What is the reasoning behind these rules? (understanding makes it easier to remember)

I really doubt you need this.

RULE: for $$x^n-y^n$$:
$$x^n-y^n=(x-y)(x^{n-1}+x^{n-2}y+x^{n-3}y^2+x^{n-4}y^3+...+xy^{n-2}+y^{n-1})$$

So, $$x^n-y^n$$ is always divisible by $$x-y$$.
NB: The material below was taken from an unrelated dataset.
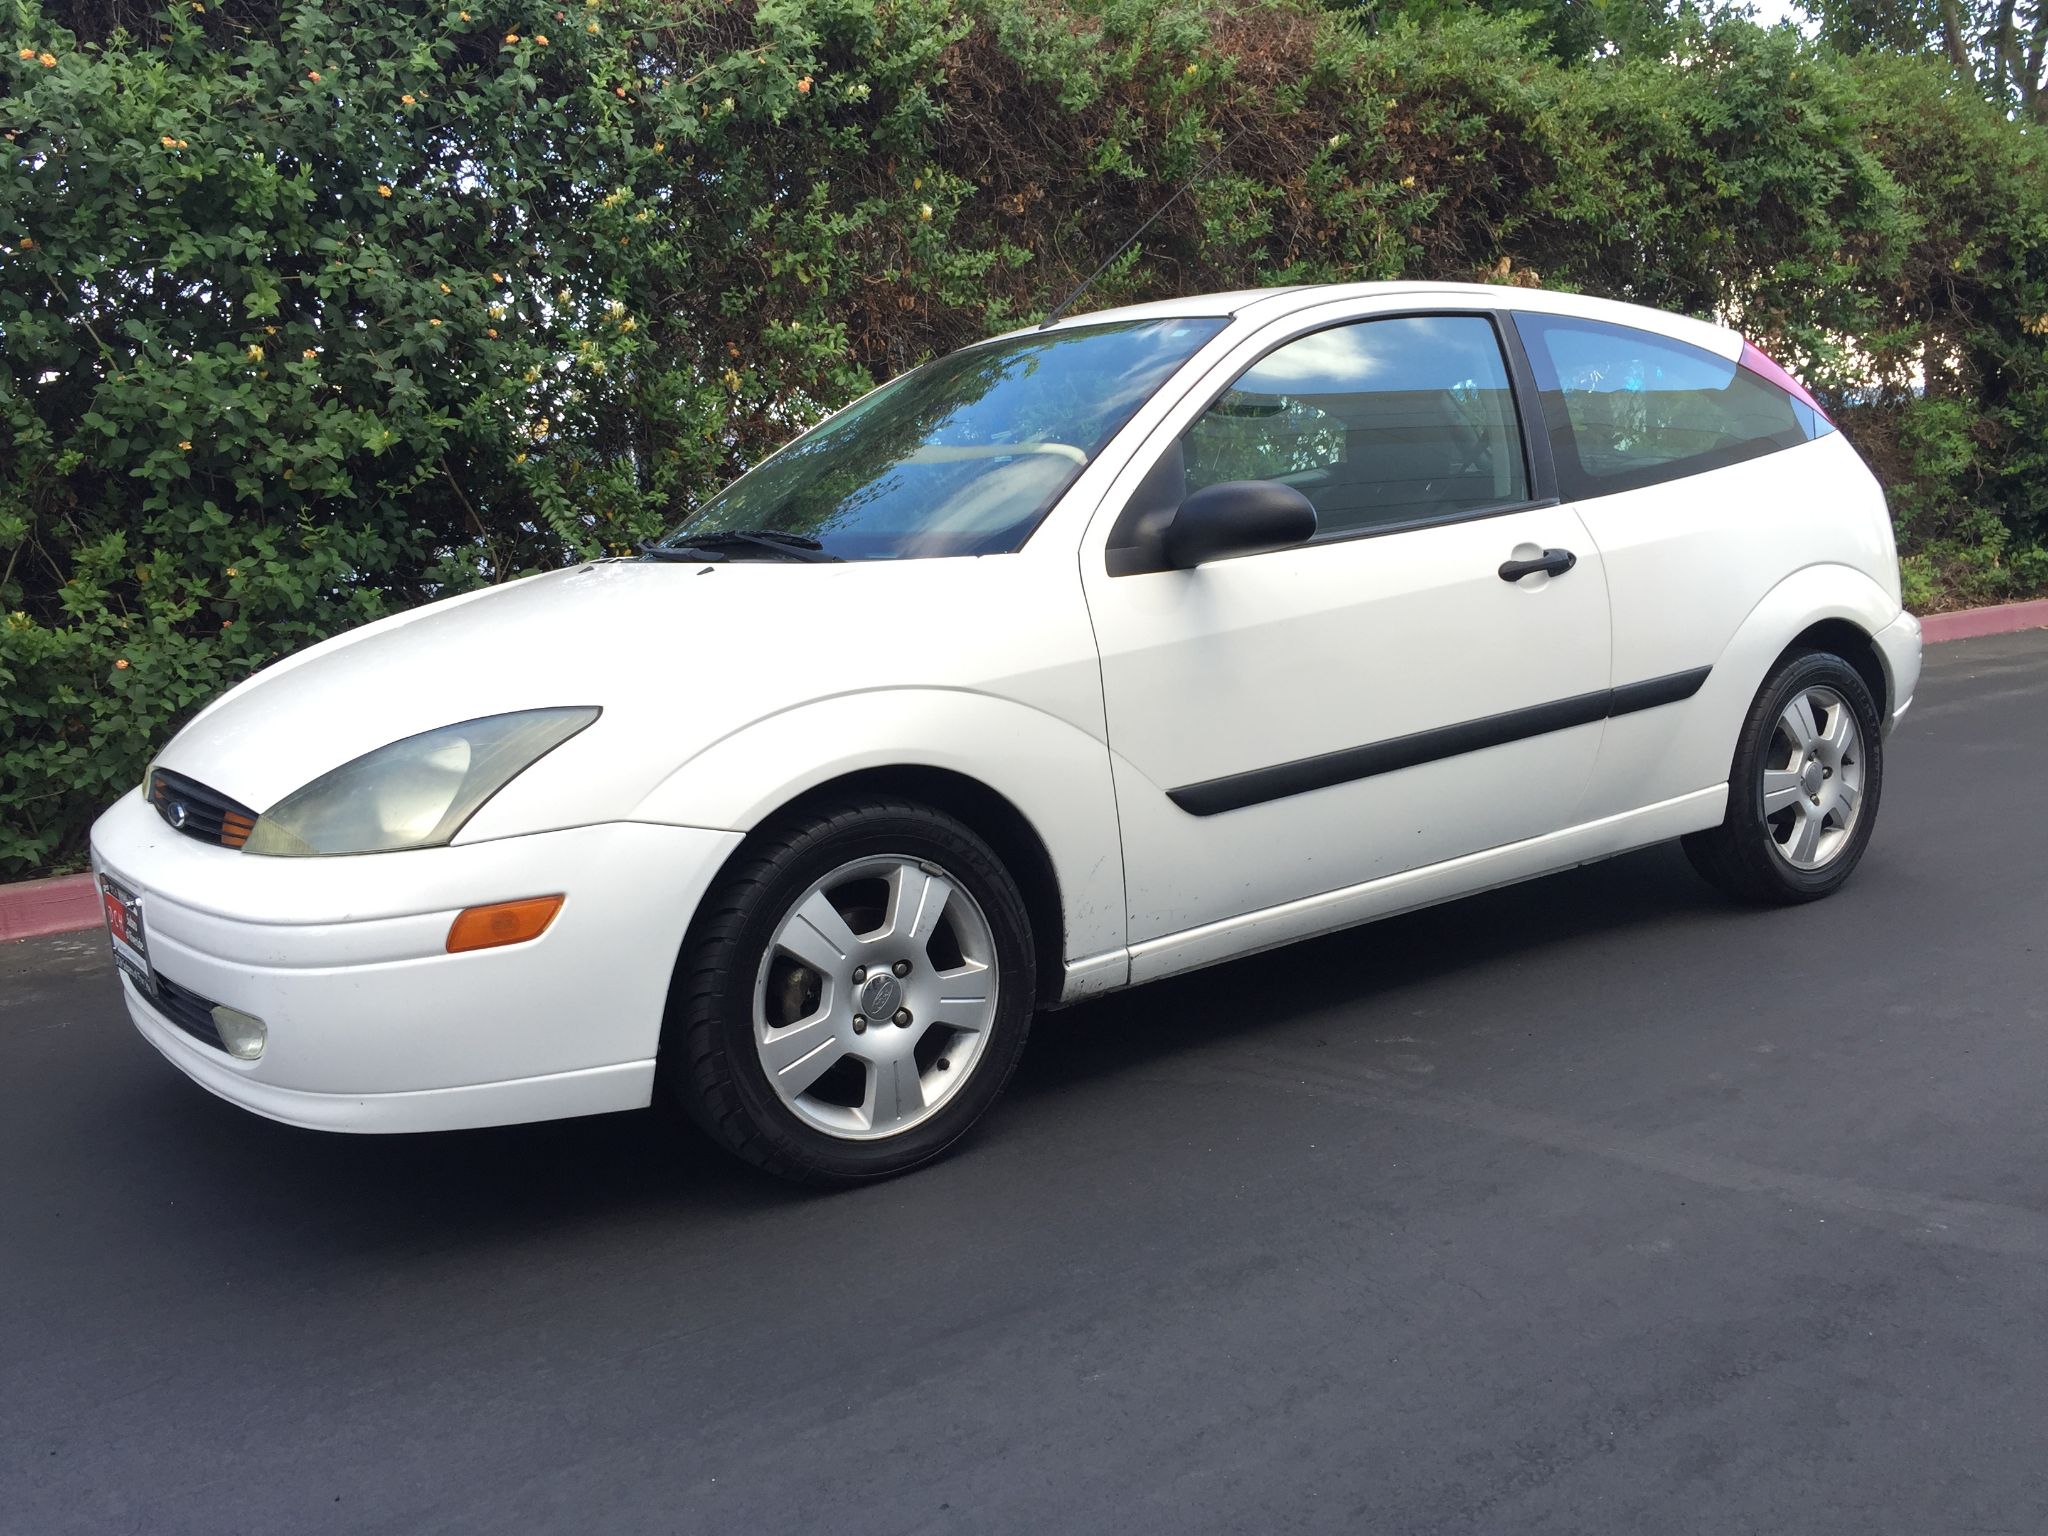 Used 2003 Ford Focus ZX3 Premium at City Cars Warehouse INC

Now, when $$n=even$$, then the second multiple will have n, so even terms and
$$(x^{n-1}+x^{n-2}y+x^{n-3}y^2+x^{n-4}y^3+...+xy^{n-2}+y^{n-1})=$$
$$=(x^{n-2}(x+y)+x^{n-4}y^2(x+y)+...+y^{n-2}(x+y))=(x+y)(x^{n-2}+x^{n-4}y^2+...+y^{n-2})$$
So, $$x^n-y^n$$ is also divisible by $$x+y$$ when $$n$$ is even.

Consider the following examples:
$$x^2-y^2=(x-y)(x+y)$$: divisible by both $$x-y$$ and $$x+y$$;
$$x^3-y^3=(x-y)(x^2+xy+y^2)$$: divisible by $$x-y$$.

RULE: for $$x^n+y^n$$:

When $$n=odd$$ then:
$$x^n+y^n=(x+y)(x^{n-1}-x^{n-2}y+x^{n-3}y^2-x^{n-4}y^3+...-xy^{n-2}+y^{n-1})$$
So, when $$n=odd$$ then $$x^n+y^n$$ is divisible by $$x+y$$.

When $$n=even$$ then $$x^n+y^n$$ is NOT divisible by either $$x+y$$ or $$x-y$$.

Consider the following example:
$$x^3+y^3=(x+y)(x^2-xy+y^2)$$: divisible by $$x+y$$.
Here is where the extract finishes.